Saturday, November 23, 2013
"If you could kick the person in the pants responsible for most of your trouble, you wouldn't sit for a month."
This quote is often attributed to Theodore Roosevelt, but I'm a little skeptical that he said it. Regardless, there's an awful lot of truth in that humorous little sentence.
We could all do with taking a little more accountability for our actions. I've met too many people who seem to think that the world is responsible for their problems, without instead looking inward and doing a little self-reflection. No doubt I'm guilty, too.
Some people are born into dire circumstances, and some are blessed with an exalted station in life from birth onward. But despite this inequality, we all face adversity at one point or another. Realizing this, and failing to fall into the victim trap, is key to not only survival, but also personal growth and satisfaction, in my experience. For if we are responsible for our own failures, we are also responsible for our own successes, and we can take pride in our perseverance.
Every choice we make sets in action a chain of events that extends eternally forward. Nothing we do is without consequence. It's like the old adage of the stone tossed into the water, and the ripples continually flowing toward the bank. We may not be able to foresee the future, but the choices we make today impact it all the same...so choose wisely.
I've met people who are appalled at my lifestyle, wondering how I can toil away day after day, rarely stopping to enjoy life's simpler pleasures.
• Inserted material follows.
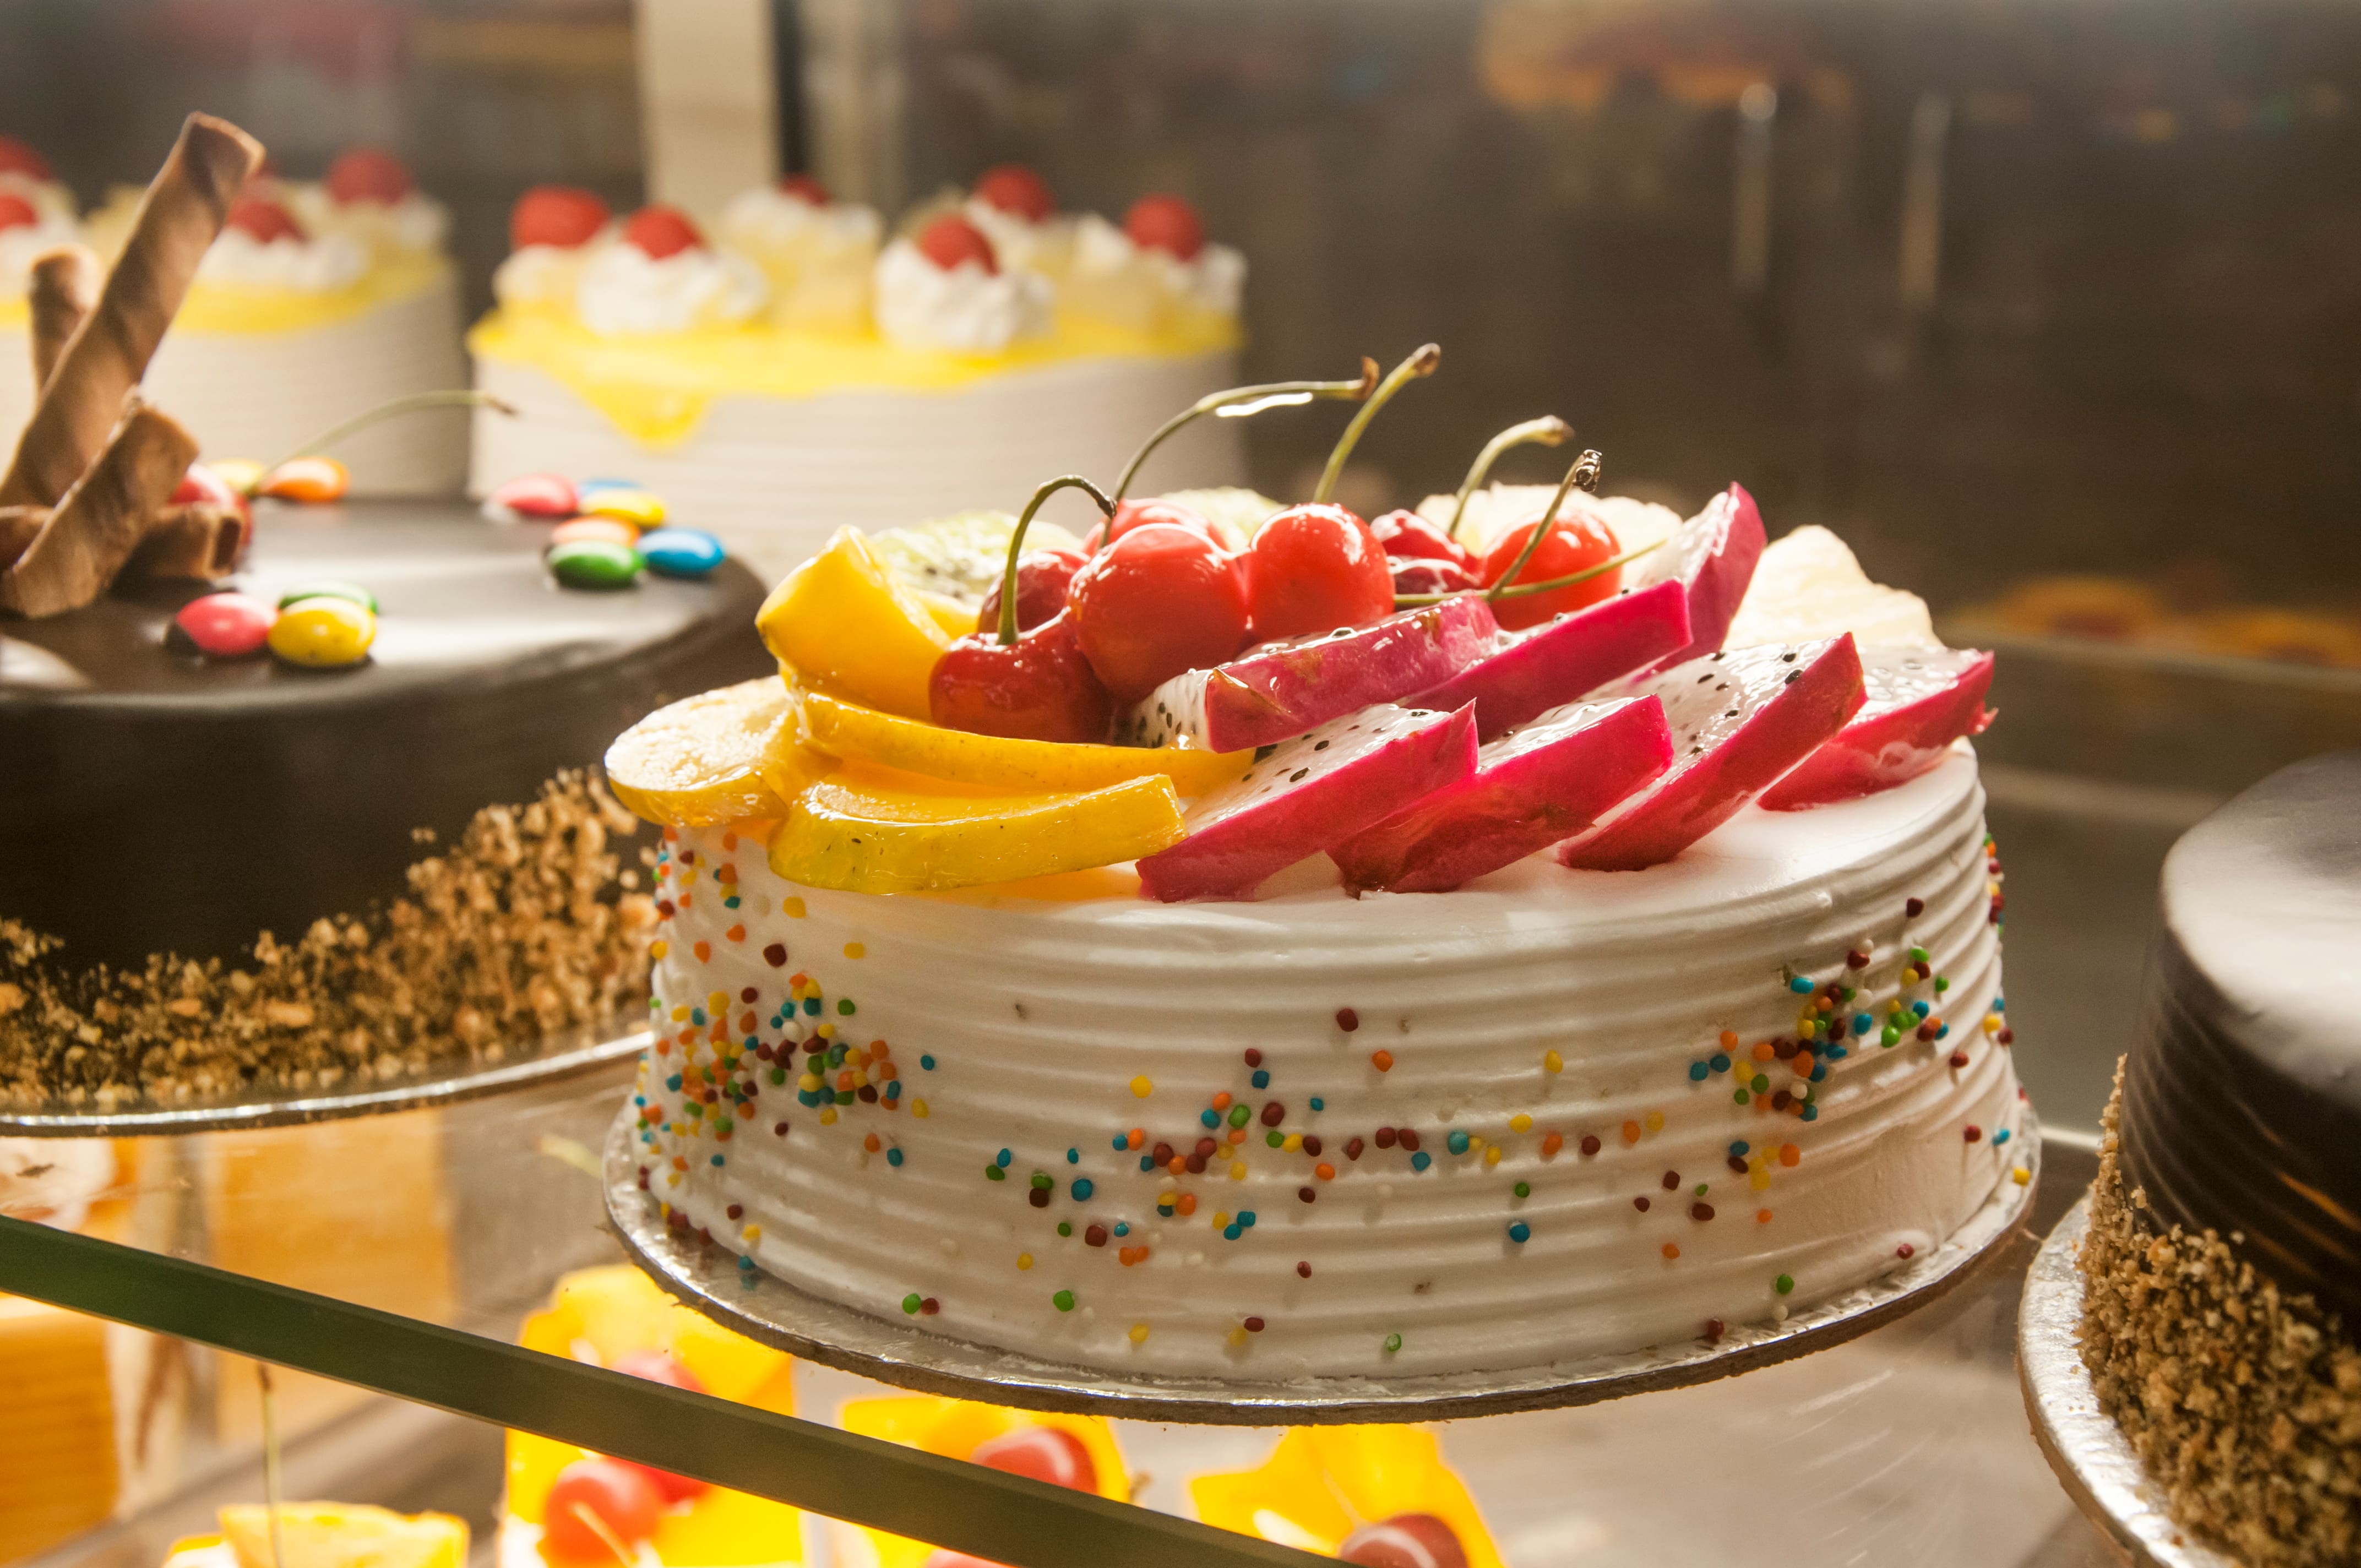 The Cake Basket, New Delhi, Shop No: 2 - Restaurant reviews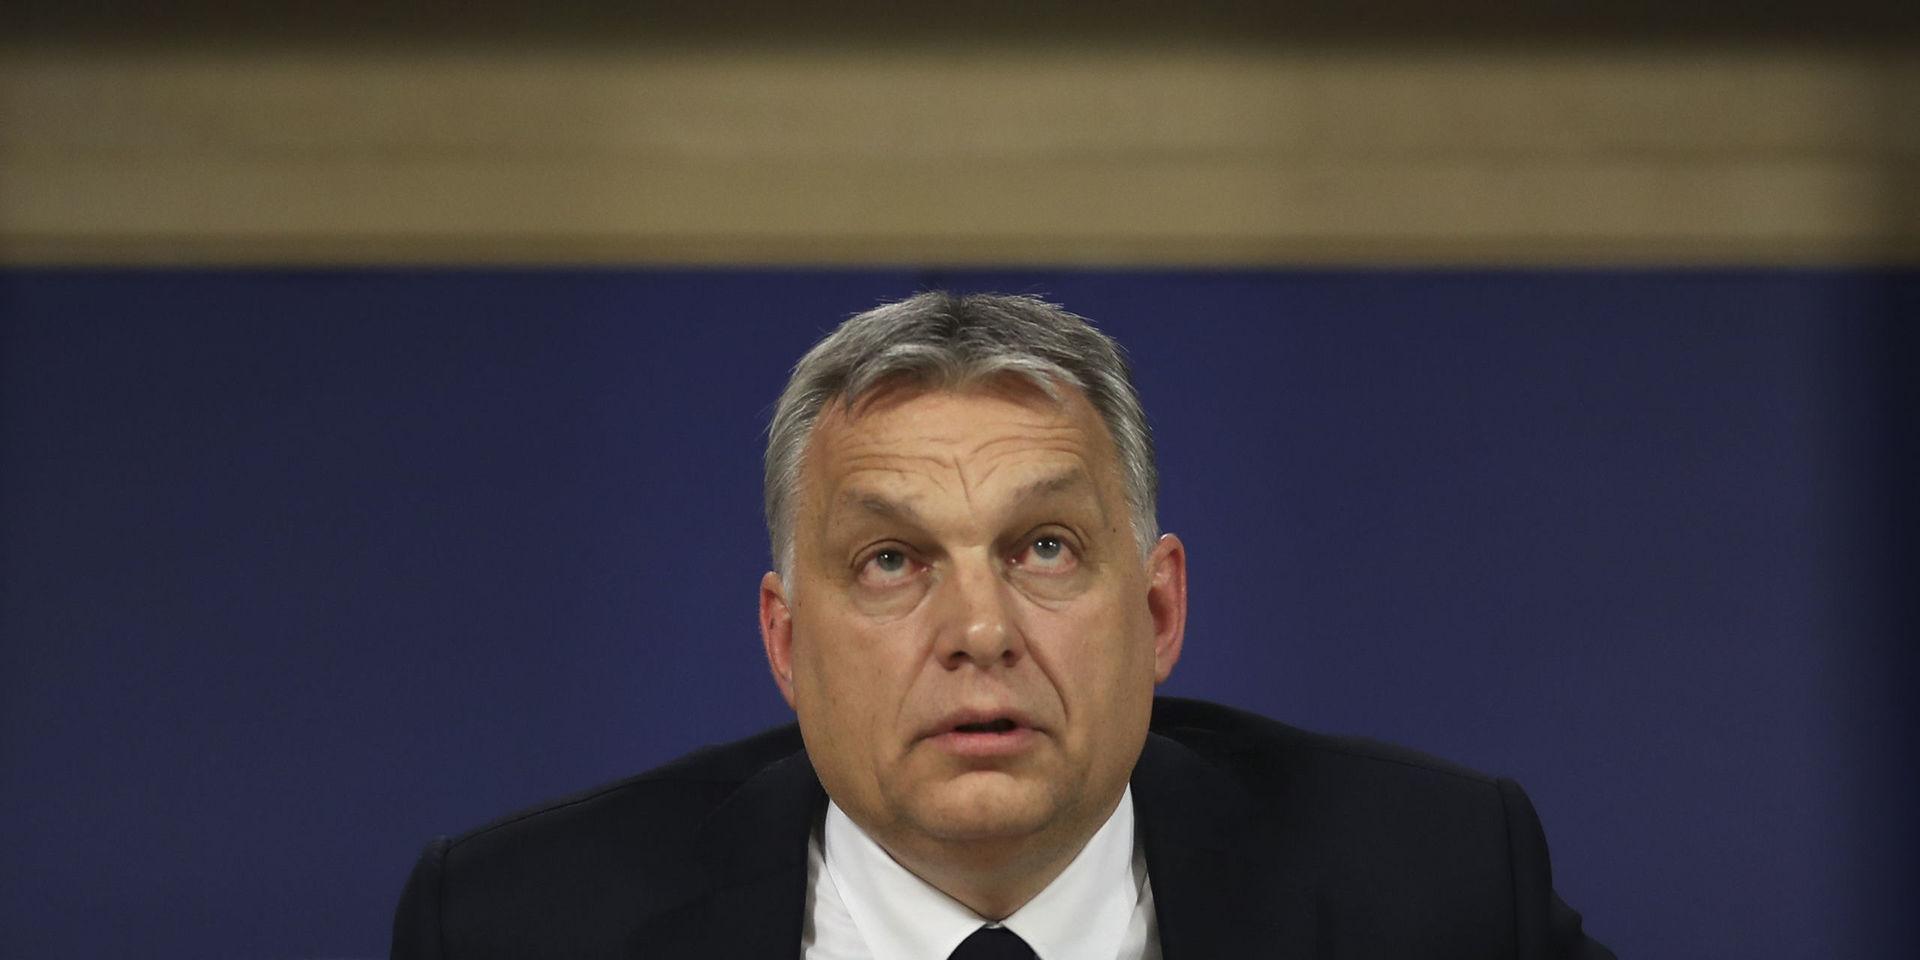 Ungerns premiärminister  Viktor Orbán håller presskonferens efter att EPP haft gruppmöte i EU-parlamentet under onsdag 20 mars, där gruppen beslutat att stänga av Orbáns parti Fidesz.

They don't understand the concept of delayed gratification, and I've watched over the years as some of their lives have turned out drastically differently than they had hoped and planned. And then, without fail, they raise their fists to the sky and blame the heavens for their misfortune. Yet, if their younger selves had only been a little more willing to put their noses to the grindstone and work towards the goals they desired, their situations might have turned out much differently.
I'm certainly not suggesting that everyone pursue an ascetic lifestyle and forego all joy in the present day. That is no way to live, either. However, if people would pause to consider the ripples they are sending out, and where these may eventually land, they might achieve an even better life in the future--one for which they can be proud, because they earned it through their hard work.
We are our own worst adversaries, but we also have the potential to be our own best supporters.